Dakota Bradley (born in St. Louis, Missouri) was the stage name of American pop rock singer and songwriter, Lenny Pey.

Career
After a fire destroyed his home in 2009, Bradley moved to Nashville, Tennessee to pursue a career in music. He gained internet fame when he and CJ Holland recorded "The Girl Is Mine"; a video of which on YouTube went viral and led to an appearance on The Ellen DeGeneres Show in 2010. In 2011, Bradley wrote "All of My Tomorrows" with Colt Ford, which was released on Ford's 2012 Declaration of Independence album. The song topped the charts and Dakota received a Billboard Number One Award.

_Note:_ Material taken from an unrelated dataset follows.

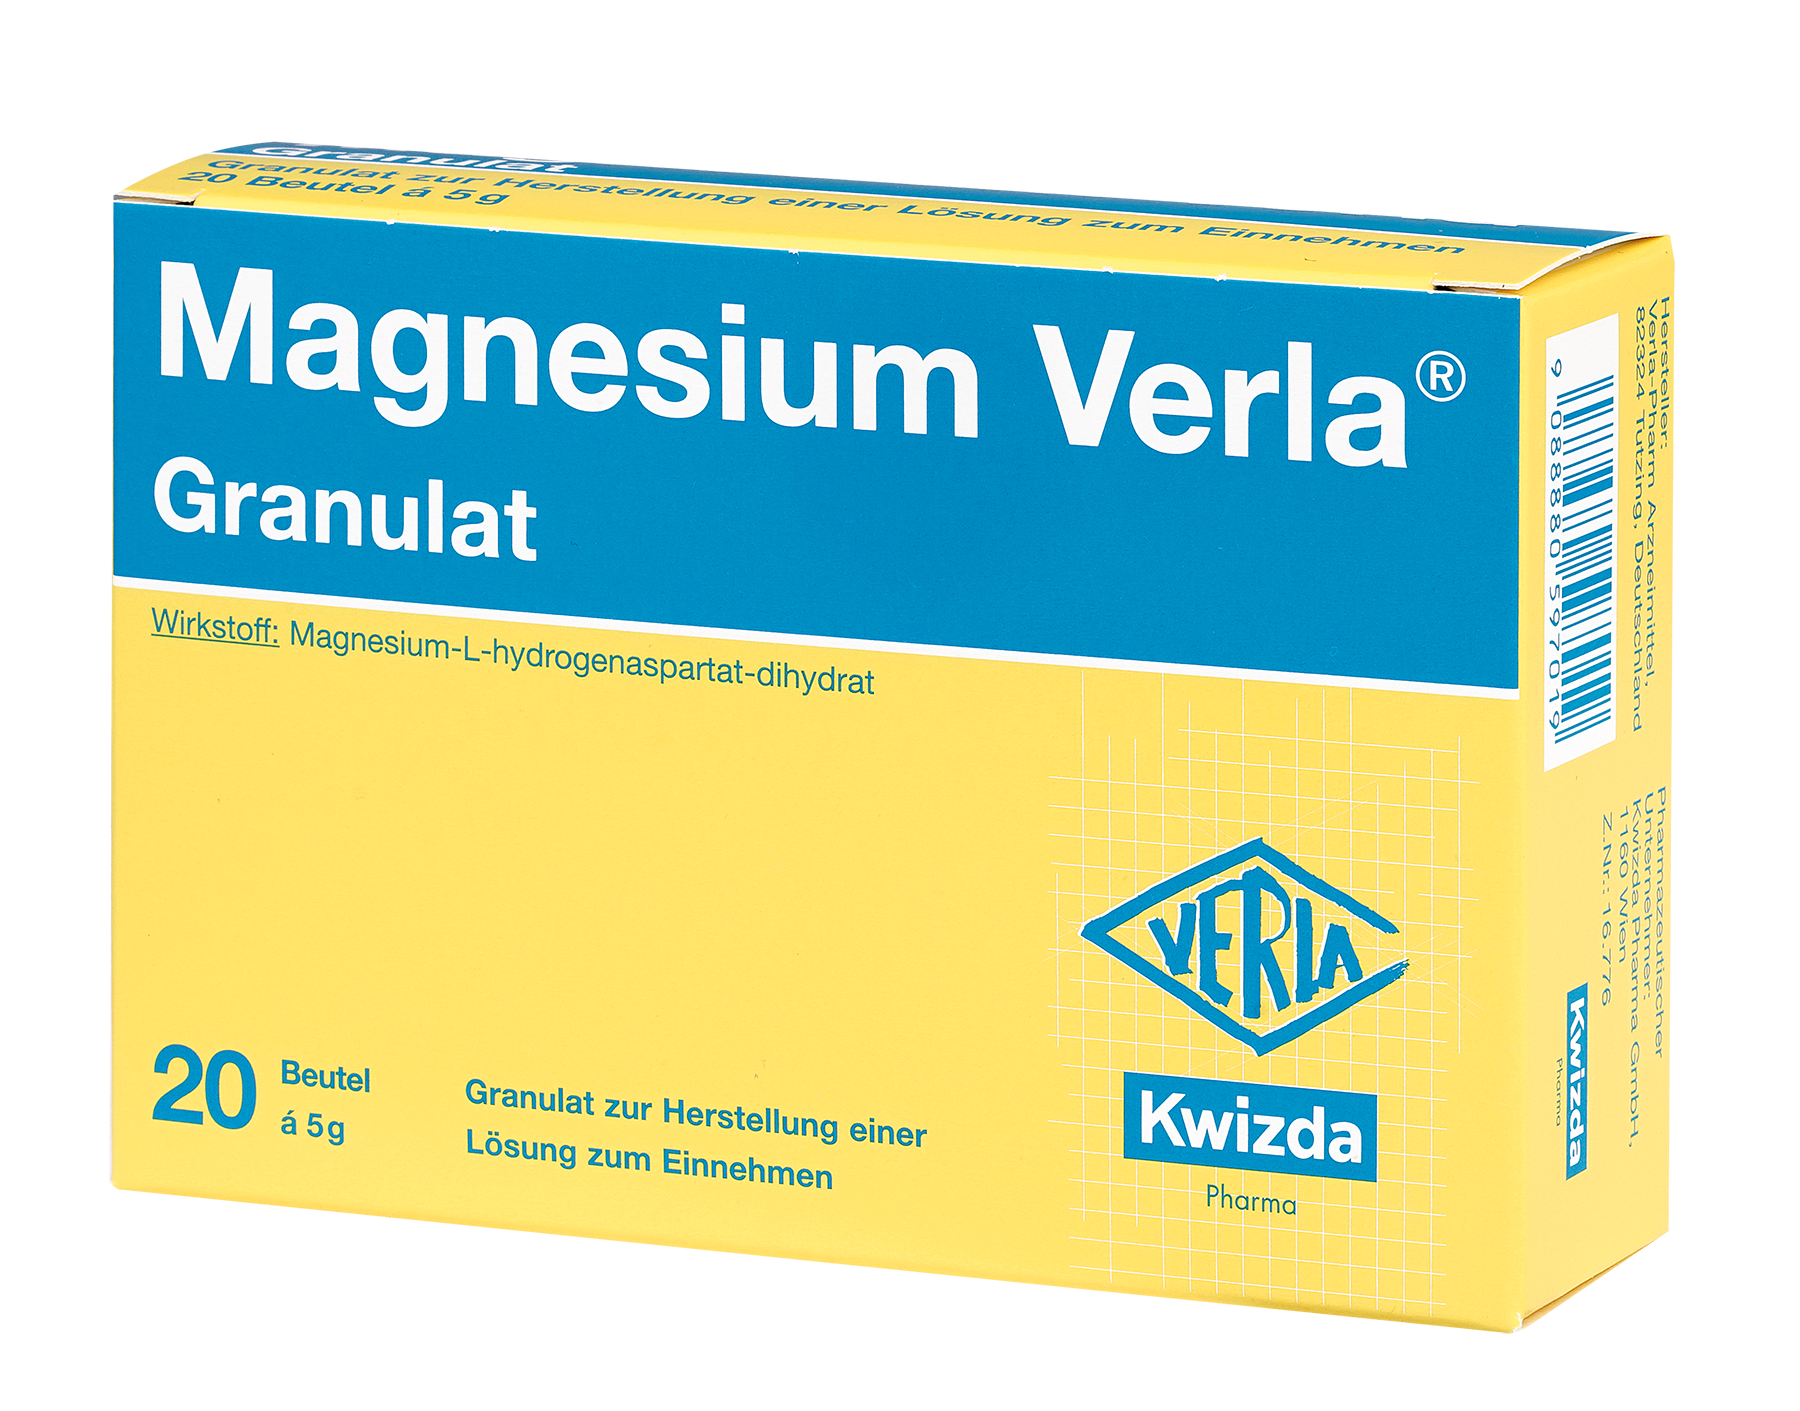 Magnesium Verla - Granulat

In 2012, Bradley signed with Streamsound Records, a label founded by Byron Gallimore and Jim Wilkes. Bradley's debut album was produced by Byron Gallimore and Tim McGraw. Bradley's debut single, "Somethin' Like Somethin'", was released on May 14, 2013 and reached number 53 on the Billboard Country Airplay chart. In August 2013, Bradley opened for McGraw in Phoenix, Arizona during the Two Lanes of Freedom Tour. Later that month he released an exclusive track, "Memory or Me", to Glamour.com. He also released a special track, "Wild Child", on SiriusXM The Highway in November 2013. Shortly after, Streamsound Records closed and Bradley became an independent artist.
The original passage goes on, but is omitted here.